As artificial intelligence continues to reshape healthcare, researchers are turning their attention to how AI-driven tools like ChatGPT might assist clinicians in diagnosing and managing complex conditions.
A new study published in Scientific Reports evaluates ChatGPT-4o’s performance in the differential diagnosis and management of vertigo-related disorders—an area that demands nuanced clinical judgment and experience.
Evaluating ChatGPT-4o’s Performance on Clinical Questions
The study, led by Xu Liu and colleagues at Fudan University, posed 20 vertigo-related clinical questions to ChatGPT-4o. The questions covered four categories—diagnosis, treatment, daily lifestyle advice, and prognosis—and were assessed by three otologists using a 5-point Likert scale. Evaluation metrics included accuracy, comprehensiveness, clarity, practicality, and credibility.
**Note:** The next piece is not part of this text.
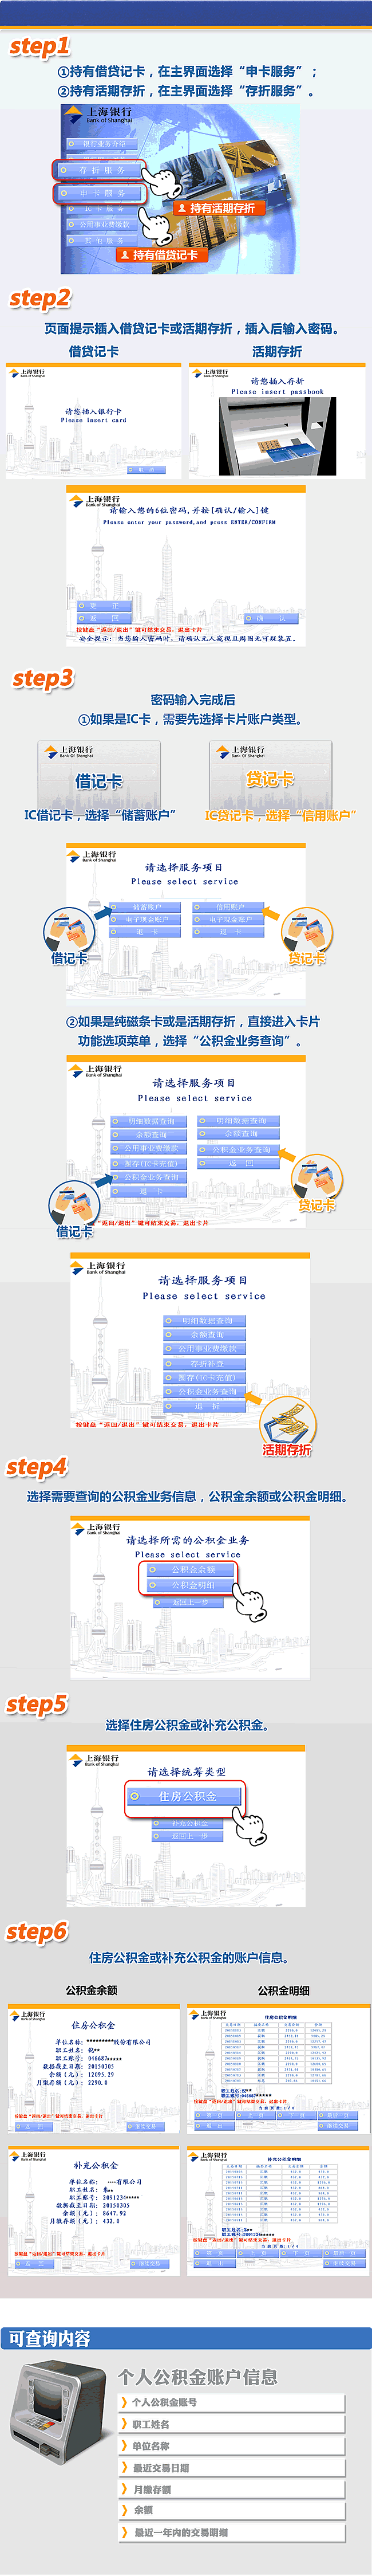 上海银行住房公积金余额及明细查询流程图解

ChatGPT-4o performed well overall, earning high marks across all categories. Credibility received the highest average score (4.78 out of 5), followed closely by clarity (4.73), practicality (4.68), accuracy (4.65), and comprehensiveness (4.55). Responses to daily lifestyle advice questions scored a perfect 5.0 across all dimensions, while diagnosis-related responses ranged from 4.43 to 4.86. Treatment-related content averaged 4.56 to 4.78.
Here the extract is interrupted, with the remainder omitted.